Анисья поднялась и накинулась на него. Грязлов ударил ее по лицу, и она снова упала.
– Сучка, – прошипел он.
– Грязный, жалкий червь! – вскричала Анисья. – Я лучше сдохну, чем с тобой буду. Ты мне омерзителен! Я все расскажу Ларионову!
Она плюнула в его сторону. Грязлов оставался спокоен, но она видела, как в глубине его глаз появилось то страшное выражение, которое она видела уже в его комнате.

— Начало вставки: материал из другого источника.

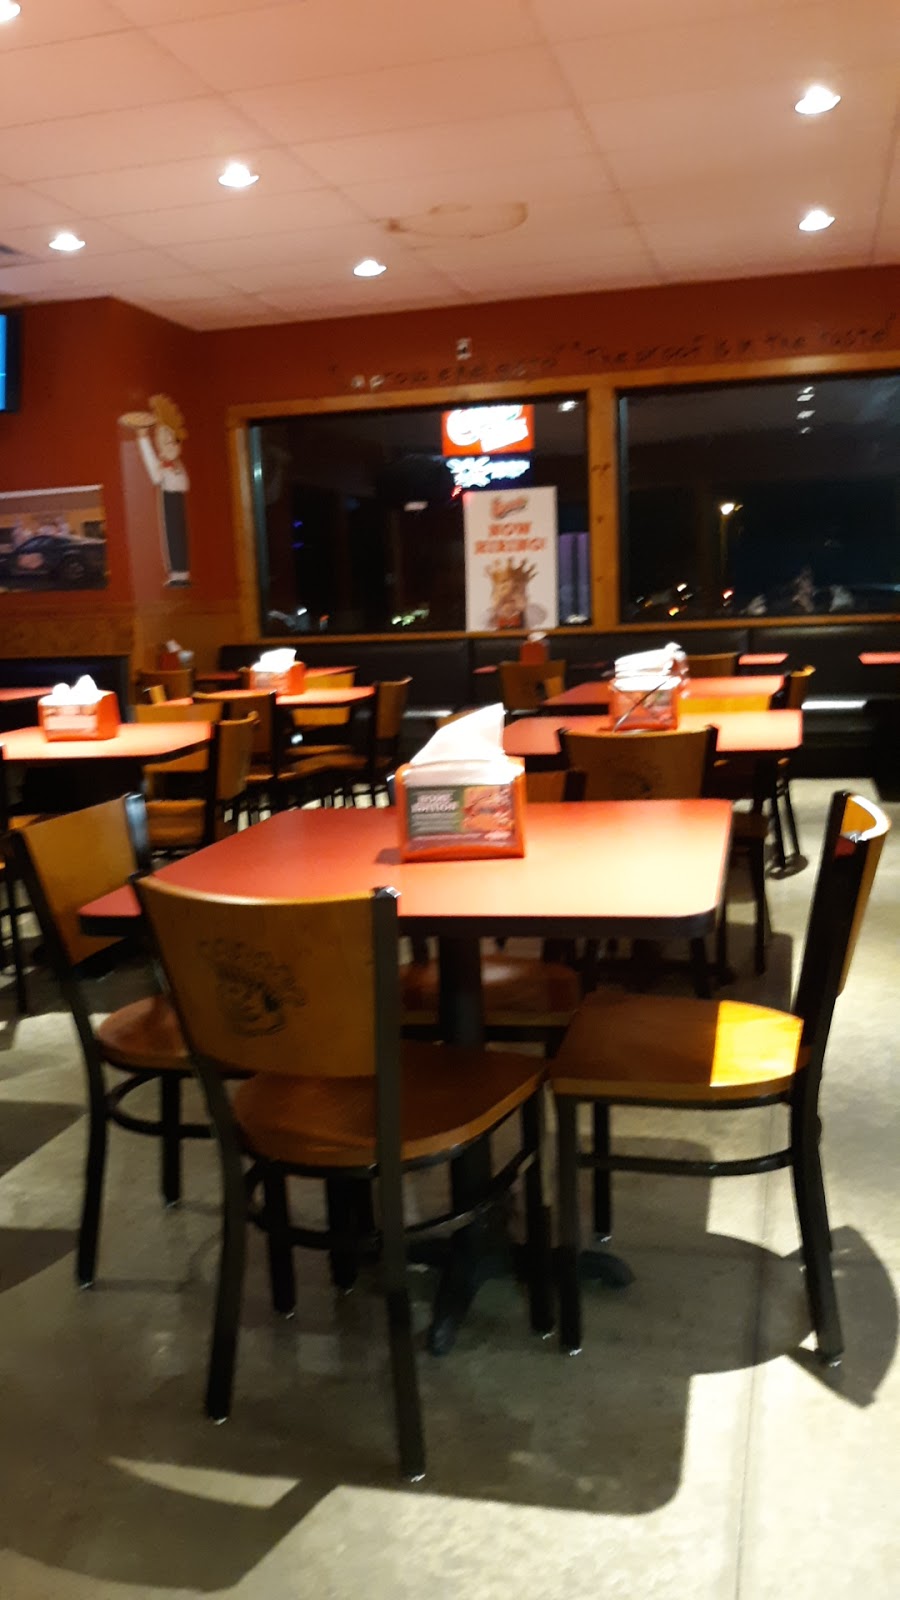 Cassanos Pizza King | 6308 W Third St, Dayton, OH 45417, USA | Phone: (888) 294-5464
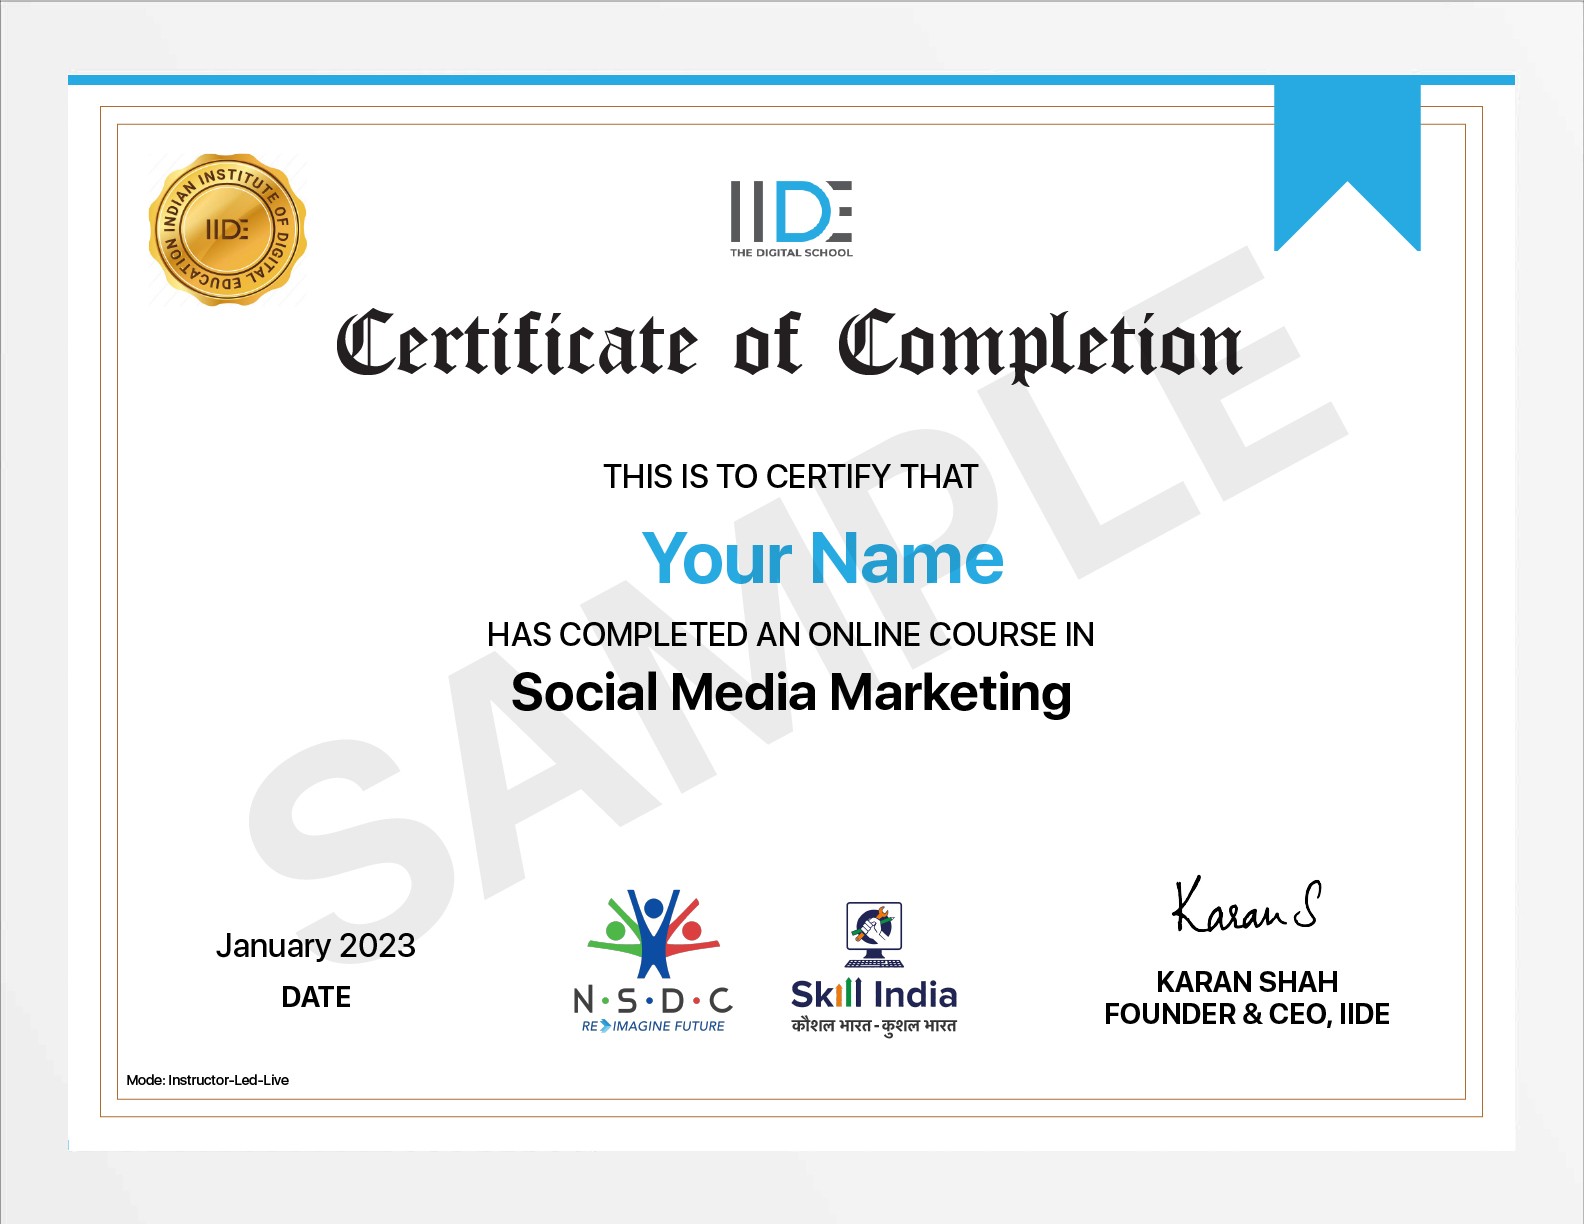 Social Media Marketing Course Online - Certificate

– Ну что ж, – процедил он. – Попробуй.
Он погасил масляную лампу и резко исчез. Анисья сидела в стоге сена и покачивалась.
Глава 2
Зал разрывался от хохота: заключенные пели частушки. Ирина видела, как весело улыбался Ларионов, как до слез смеялась охра.
Получила Клавка пайку:
Только собралась поесть,
А Инесса ей мешает —
Просит арии пропеть!
Самара городок, беспокойная я-а,
Беспокойная я-а, успокой ты меня!
Борода у Кузьмича,
Ой, седая до колен.
А он все на девок смотрит,
Неуемный старый хрен!
Самара городок, беспокойная я-а,
Беспокойная я-а, успокой ты меня!
Каждый день мы валим лес:
Сердце надрывается-а.
Полтайги уж повали-или,
А стройка не кончается!
Самара городок, беспокойная я-а,
Беспокойная я-а, успокой ты меня!
С охрой стройно ходим в лес,
Отморозили зады.
Шаг нельзя ступить за куст
Для справления нужды!
Самара городок, беспокойная я-а,
Беспокойная я-а, успокой ты меня!
Приглянулся мне майор,
Сердце в страсти плавится-а.
А он смотрит на другую,
Хоть и не красавица!
Самара городок, беспокойная я-а,
Беспокойная я-а, успокой ты меня!
Ирина покраснела и заметила смущенную улыбку Ларионова. Ее охватила радость. Она с удивлением поняла, что, если бы не ощущение несвободы; если бы не лишения, голод и холод; если бы не постоянная угроза для жизни, она была бы счастлива среди этих людей. Но она и была счастлива от близости к этой народной мудрости и способности в самые страшные времена сохранять тепло и самоиронию. Она больше не могла делить людей на богатых и бедных, образованных и необразованных; не могла разделять их по религии, полу или цвету кожи. Они все были равны перед лицом смерти, и выживали они тоже вместе. Чувства любви и сопричастности вытеснили из нее все прежние домыслы. Люди были нужны ей так же, как им была нужна она. Никогда Ирина не была более полезной и, как всякий деятельный от природы человек, только наполнялась силами от этого ощущения единения и созидания.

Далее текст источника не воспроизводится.